The event date is an estimation of the terminus post-quem of an archaeological assemblage. The accumulation date represents the “chronological profile” of the assemblage. According to Lise Bellanger and Husi (2012), accumulation date can be interpreted “at best […] as a formation process reflecting the duration or succession of events on the scale of archaeological time, and at worst, as imprecise dating due to contamination of the context by residual or intrusive material.” In other words, accumulation dates estimate occurrence of archaeological events and rhythms of the long term.

### Event Date

Event dates are estimated by fitting a Gaussian multiple linear regression model on the factors resulting from a correspondence analysis - somewhat similar to the idea introduced by Poblome and Groenen (2003). This model results from the known dates of a selection of reliable contexts and allows to predict the event dates of the remaining assemblages.

First, a correspondence analysis (CA) is carried out to summarize the information in the count matrix $$X$$. The correspondence analysis of $$X$$ provides the coordinates of the $$m$$ rows along the $$q$$ factorial components, denoted $$f_{ik} ~\forall i \in \left[ 1,m \right], k \in \left[ 1,q \right]$$.

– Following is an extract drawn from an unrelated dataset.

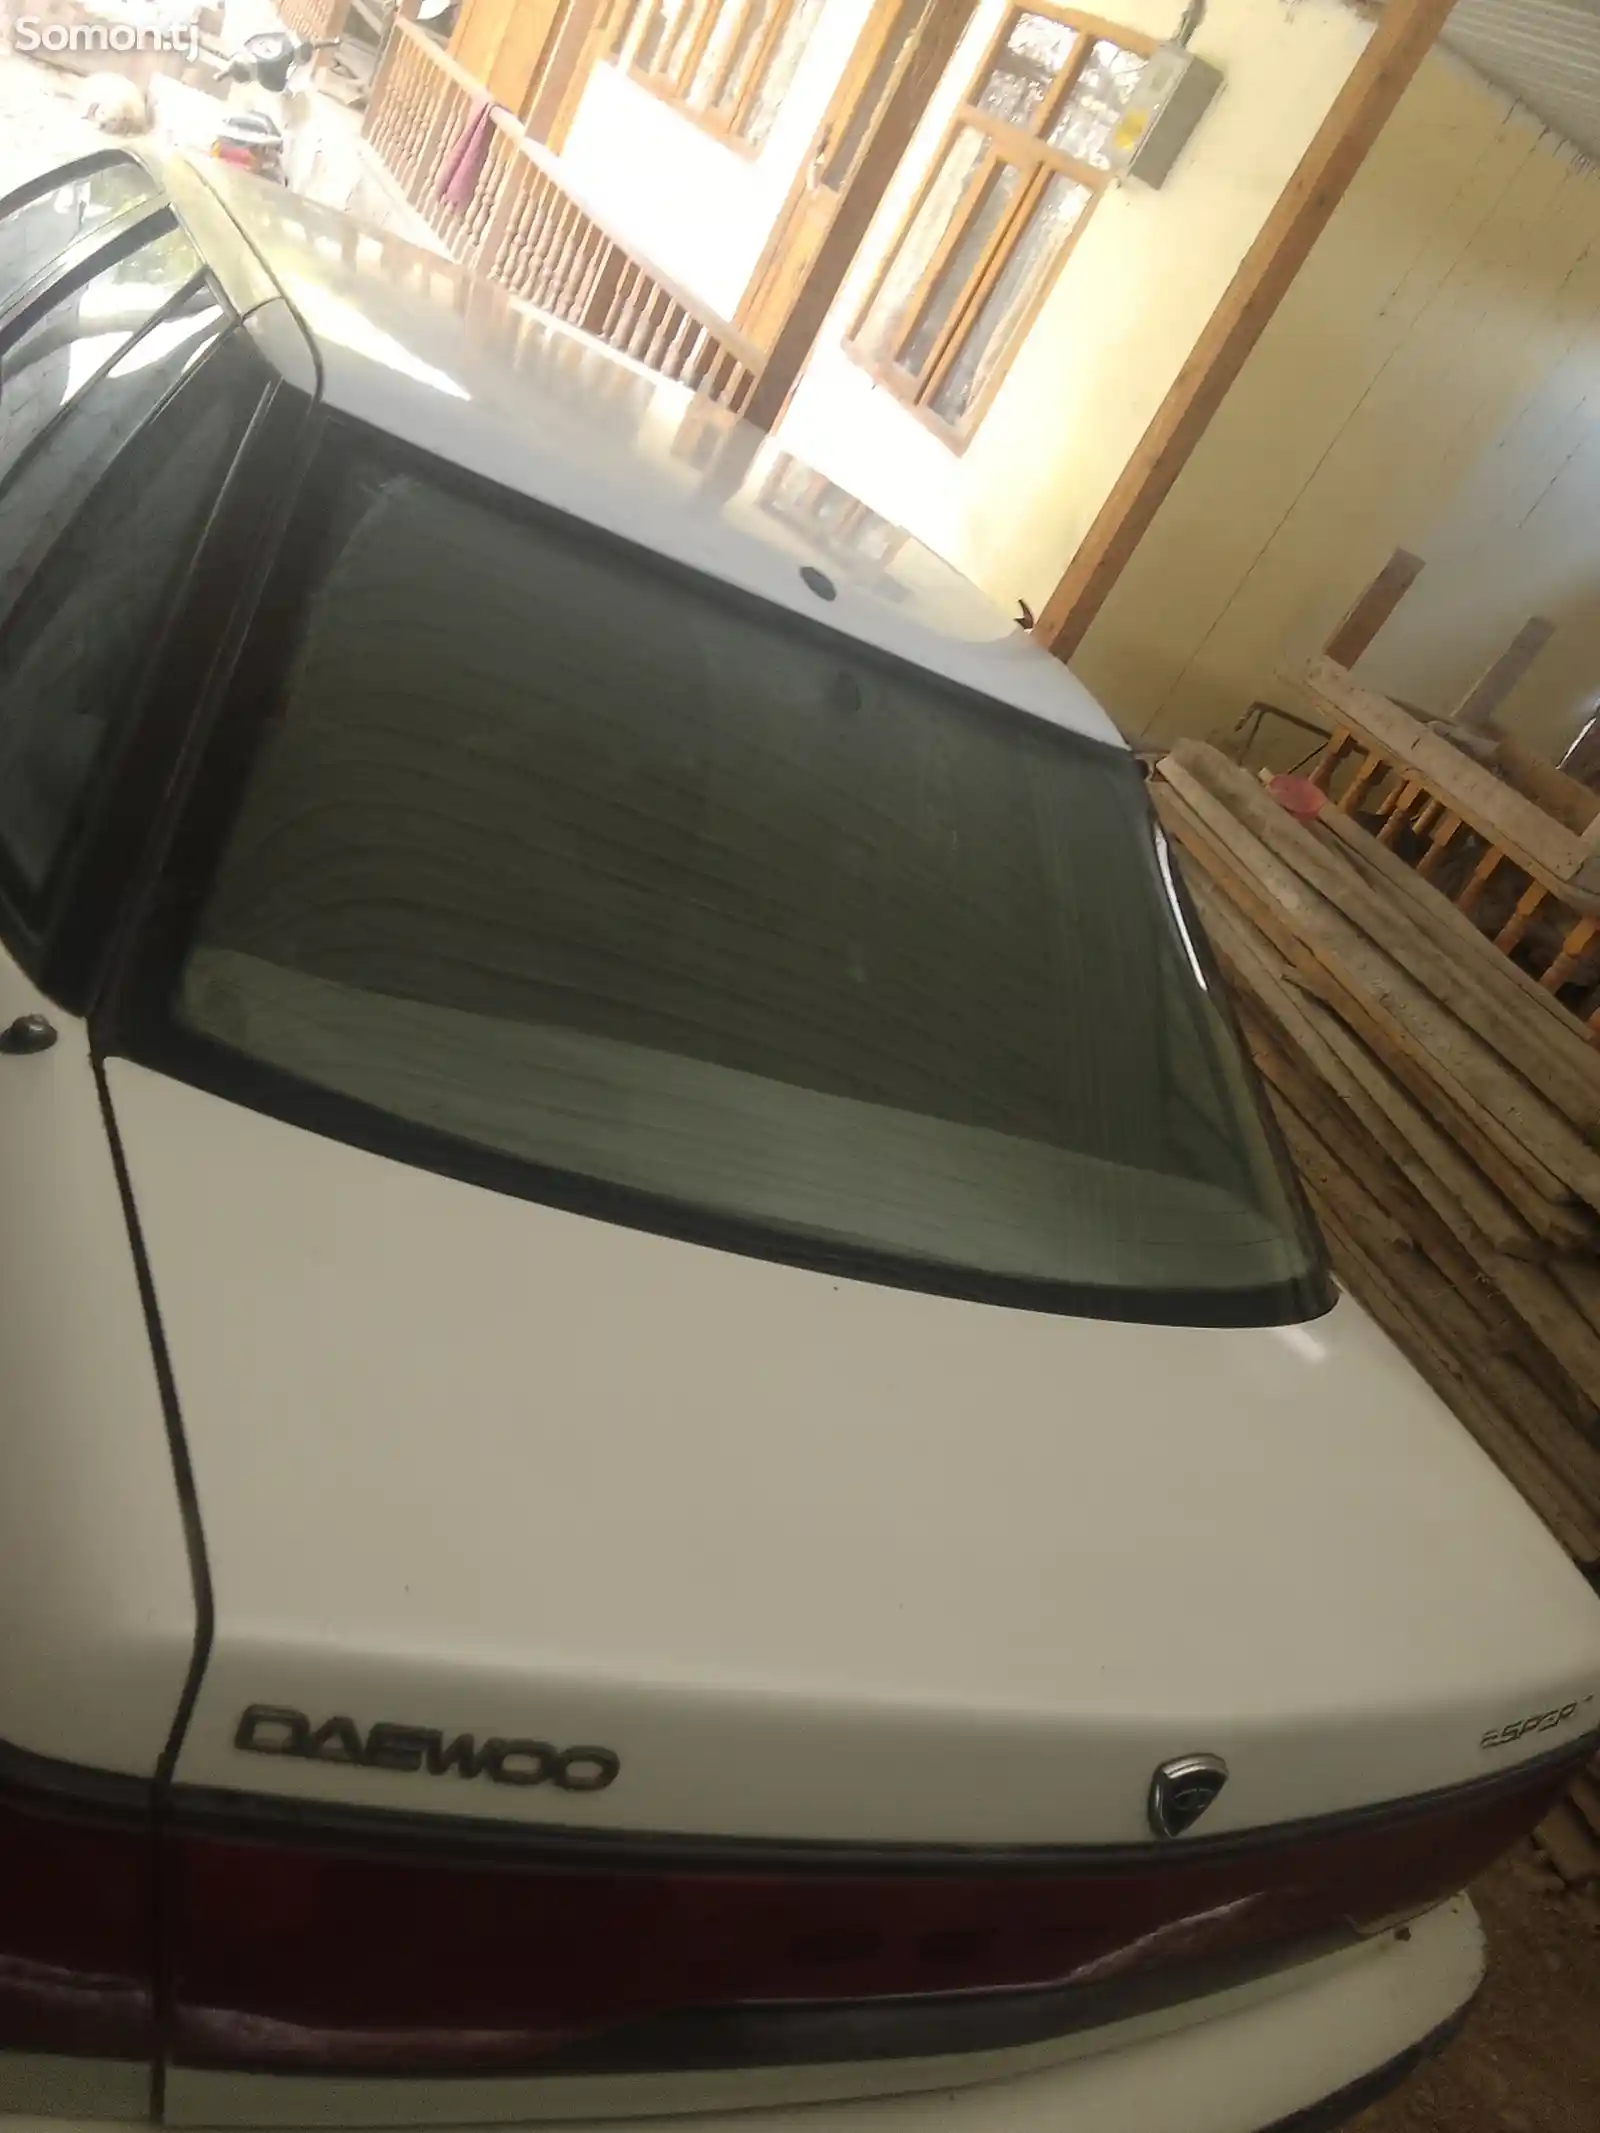 Daewoo Espero, 1995-6

Then, assuming that $$n$$ assemblages are reliably dated by another source, a Gaussian multiple linear regression model is fitted on the factorial components for the $$n$$ dated assemblages:

$t^E_i = \beta_{0} + \sum_{k = 1}^{q} \beta_{k} f_{ik} + \epsilon_i ~\forall i \in [1,n]$ where $$t^E_i$$ is the known date point estimate of the $$i$$th assemblage, $$\beta_k$$ are the regression coefficients and $$\epsilon_i$$ are normally, identically and independently distributed random variables, $$\epsilon_i \sim \mathcal{N}(0,\sigma^2)$$.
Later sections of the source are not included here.